Mit einem Einstieg im Schweizer Online-Lebensmittelhandel würde Amazon für einen Paradigmenwechsel sorgen, hierzulande. Heute wird der digitale Food-Marktplatz von der Migros-Tochter Le Shop (Umsatz 2016: 182 Millionen Franken) und [email protected] (129 Millionen Franken) beherrscht. Das muss nicht so bleiben. Es es gibt Luft nach oben. Im rund 50 Milliarden Franken schweren Schweizer Food-Markt laufen heute erst 2 Prozent Umsatz über den Online-Kanal. Beruhend auf dem allgemeinen Digital Shift zeichnet die Credit Suisse in ihrem „Retail Outlook“ für Online-Lebensmittel ein Wachstums-Szenario: 3,5 Prozent würde es bis 2022 sein. Was als bescheidener Klimmzug erscheint, relativiert sich bei Betrachtung der absoluten Werte: Wer nur schon 1 Prozentpunkt des Schweizer Food-Marktes erobert, hat eine halbe Milliarde Franken in der Tasche.

Wie sich das Schweizer Handels-Duopol angreifen lässt, weiss Ex-Aldi-Suisse-Mann Lobsiger bestens. Wie man zu Lieferanten kommt, ebenfalls. Wenn der Amazon-Mann nicht nur auf europäische Rahmenverträge mit Konsumgütermultis zurückgreifen und mehr Swissness in der Vorratsbox will, stellt sich die Frage, ob Migros oder Coop eine hiesige Amazon-Pantry beliefern würden.

Neu ist das Thema Amazon weder für Migros noch für Coop. Duttis Erben sind per Migros-Shop auf Amazon.de präsent und seit kurzem beliefert die Migros-Zürich-Tochter Tegut Amazon in Deutschland. Coop ist Teil der Pantry in Deutschland: Dort findet sich Schokolade der Marke Swiss Confisa, produziert von der Coop-Industrietochter Halba. Amazon aber im Heimmarkt Schweiz zu beliefern, ist vertrackter. „Die Frage stellt sich aus Sicht der M-Industrie im Moment nicht; eine entsprechende Anfrage von Amazon müsste fundiert geprüft werden“, sagt Migros. Coop will sich zu solchen „strategischen Fragen“ nicht äussern.

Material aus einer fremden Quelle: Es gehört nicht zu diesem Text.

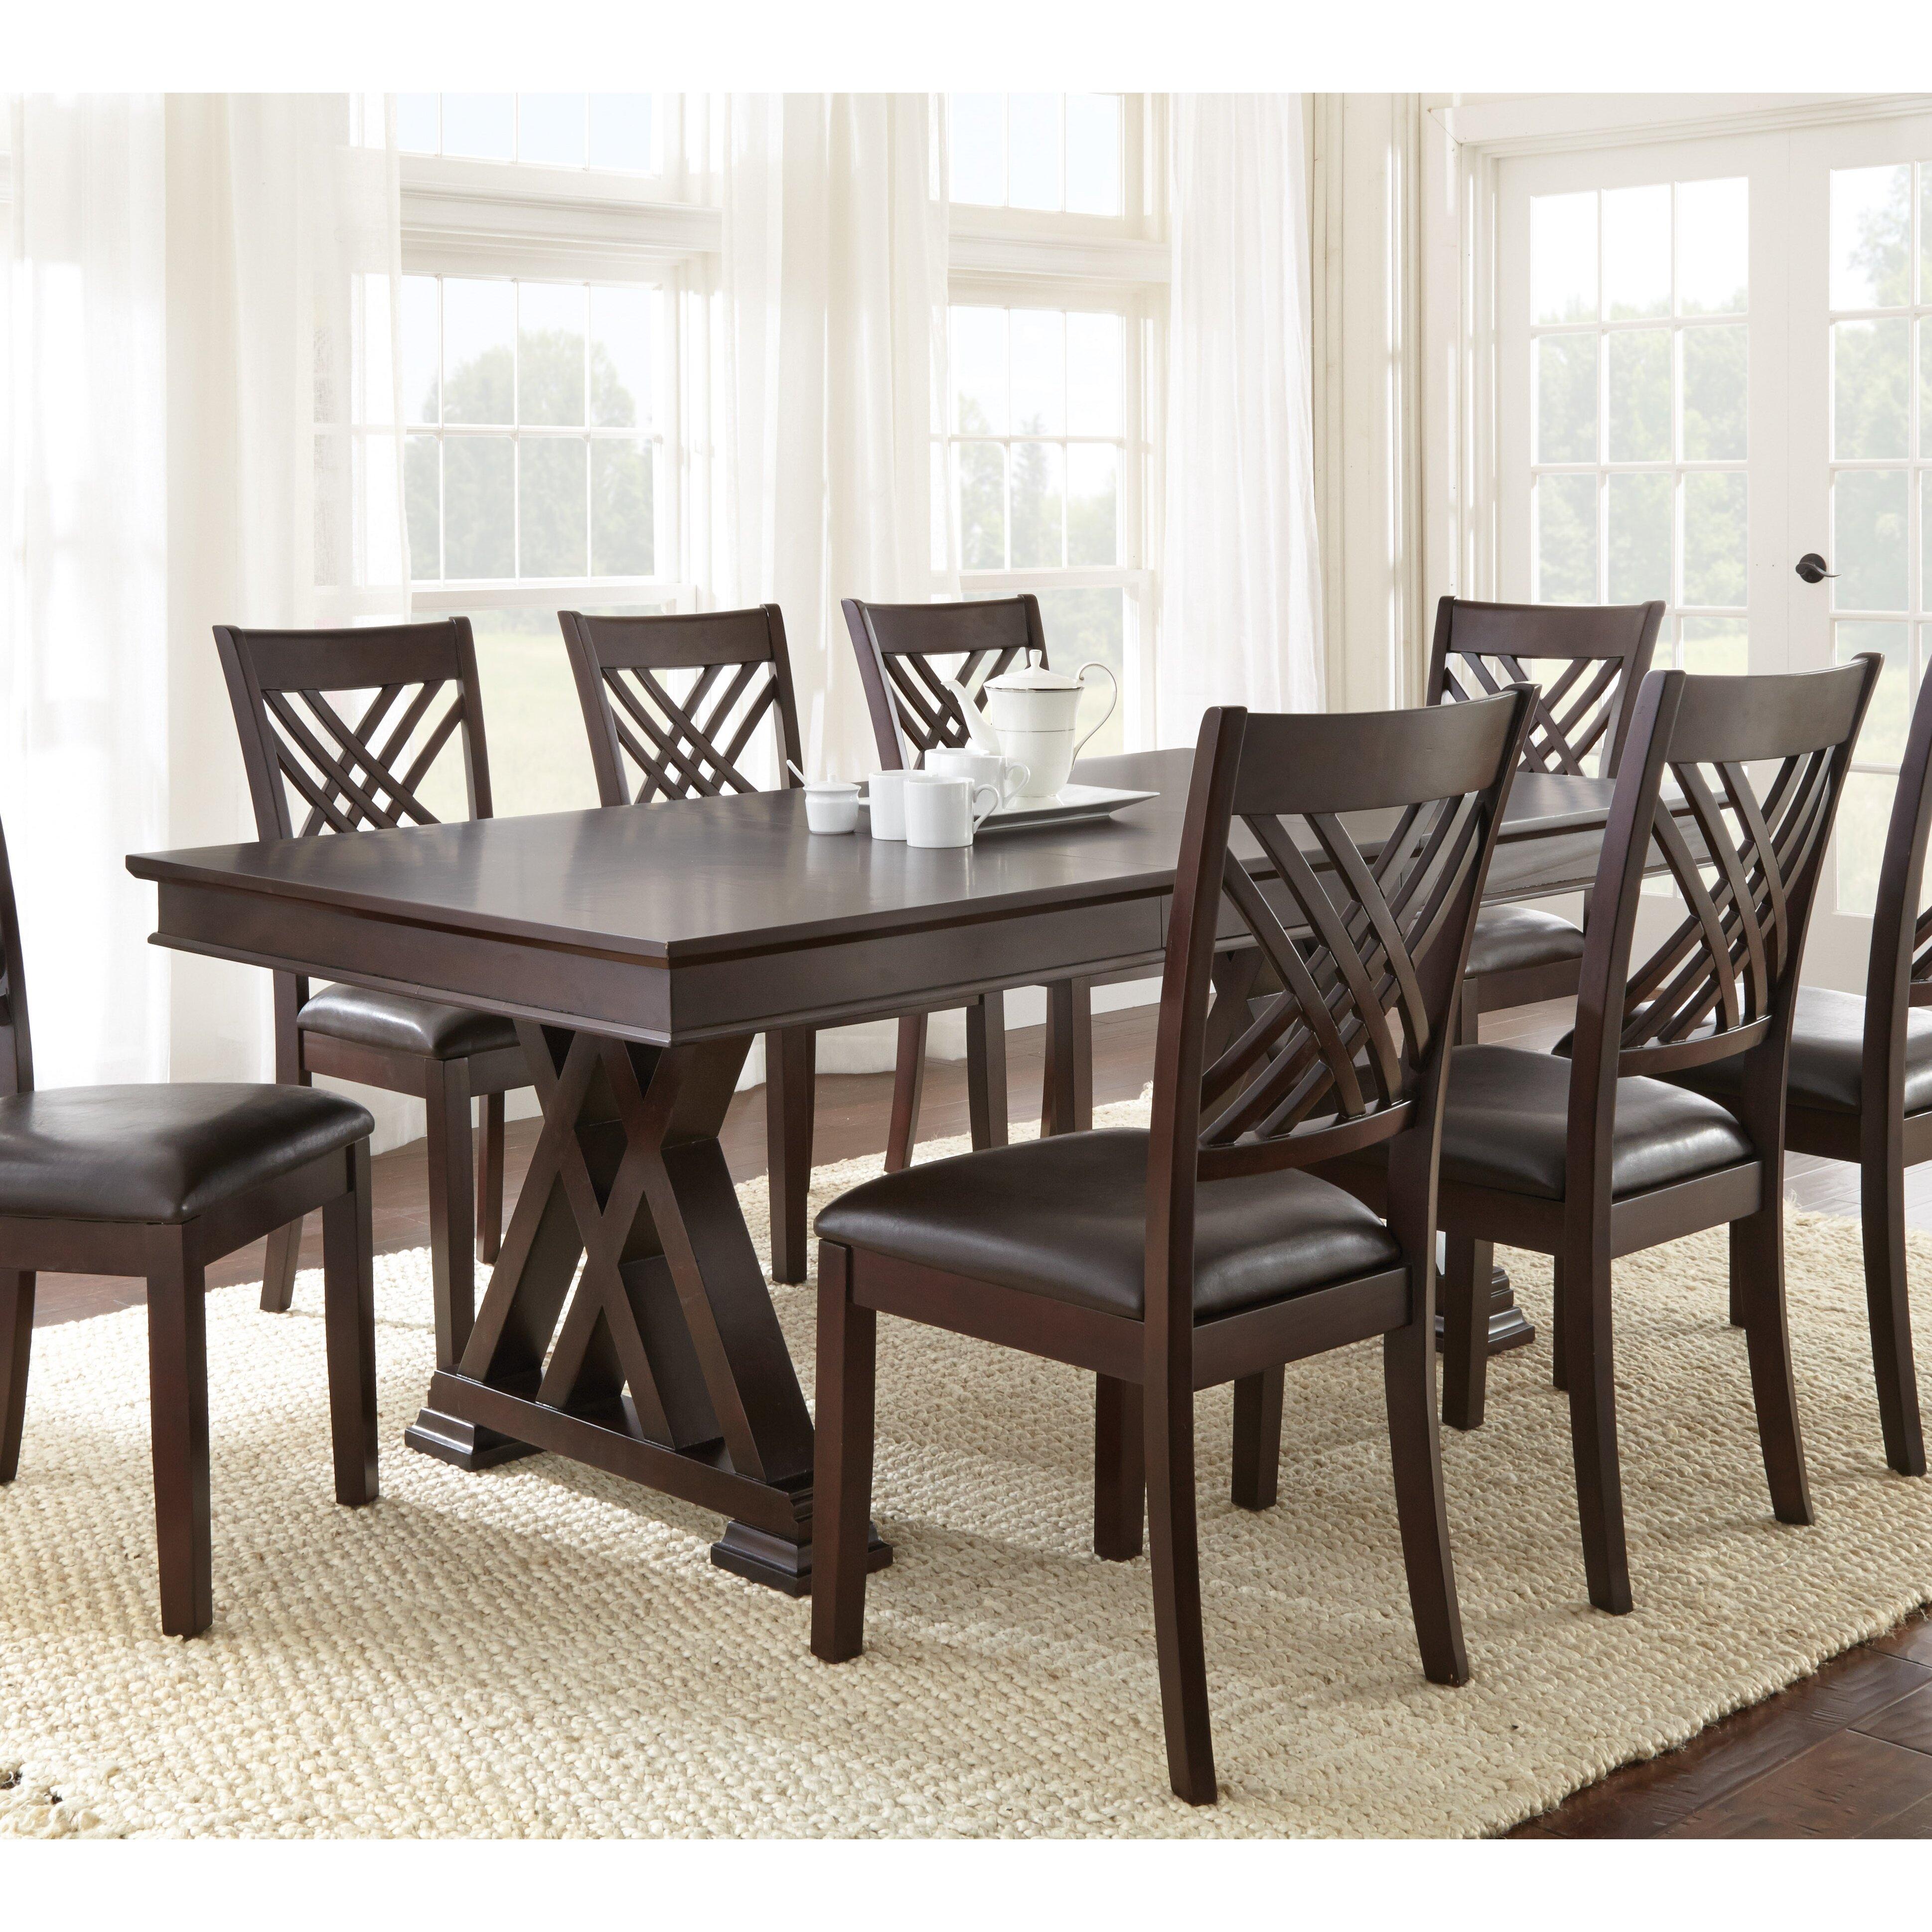 9 piece dining room sets | Adrian 9 Piece Dining Set | Wayfair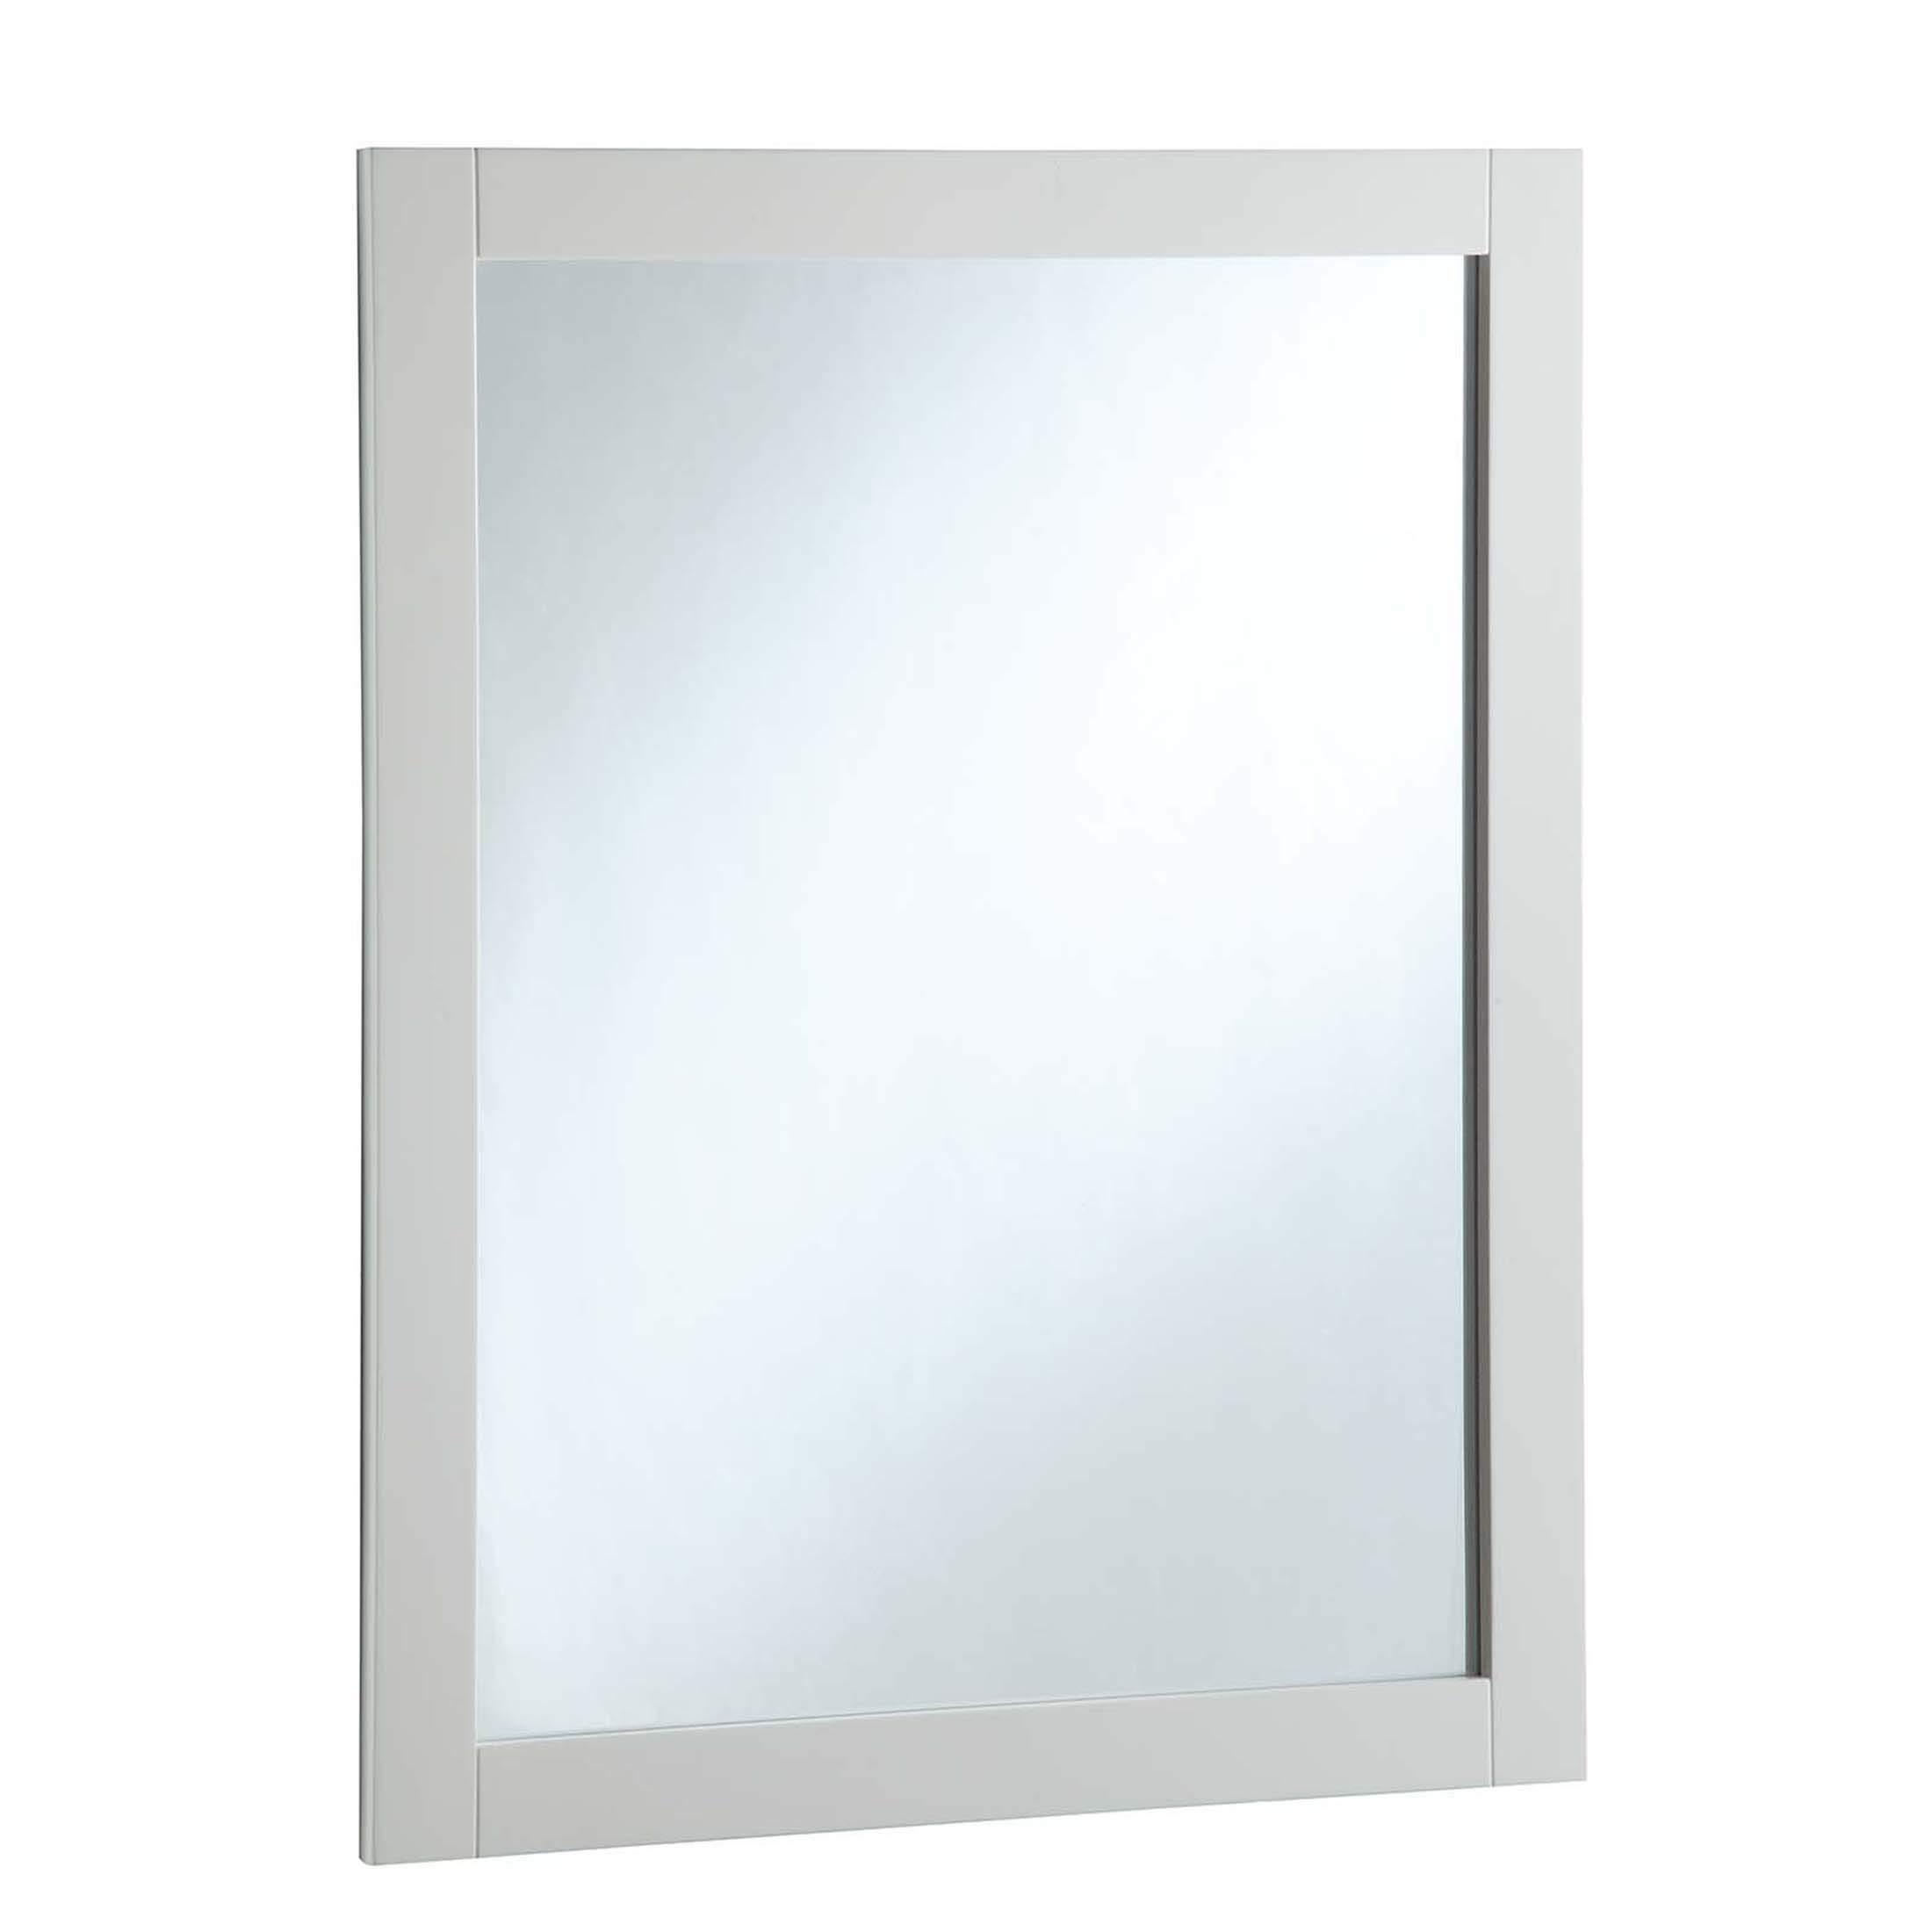 Design House 547216 24-Inch By 30-Inch Vanity Mirror, Semi-Gloss White,

Die wichtigste Frage für die Migros
Gemäss Carpathia dürfte Amazon derzeit hauptsächlich via seine deutsche Website um 500 Millionen Franken Jahresumsatz in der Schweiz erzielen. Vor allem mit Medien und Mode. Handelsprofis haben das eingepreist. Aber Amazon im Food-Markt Schweiz, das wäre ein Stresstest für die Platzhirsche, wie sie ihn seit dem Eintritt von Aldi und Lidl nicht mehr erlebt haben. Stellvertretend für die Branche sagte Migros-Chef Herbert Bolliger schon 2015 der „NZZ am Sonntag“: „Ob Amazon in die Schweiz kommt, ist für uns die wichtigste Frage.“

Das „ob“ dürfte sich erledigt haben. Vielmehr ist die Frage, wann Lobsiger die Schweiz disrumpiert. In den Startlöchern steht er, doch eine Hürde gibt es noch: In der reinen Amazon-Lehre ist eine Pantry-Offensive an den Prime-Service gekoppelt, die Amazon-Versandkostenpauschale, die Kunden stark bindet.
Prime ist hierzulande noch nicht verfügbar. Aber Lobsiger hat vorgesorgt. Am 5. Dezember 2016, gleich bei seinem Start bei Amazon, hat der US-Online-Gigant hierzulande Schutz für die Marke Amazon Prime angemeldet.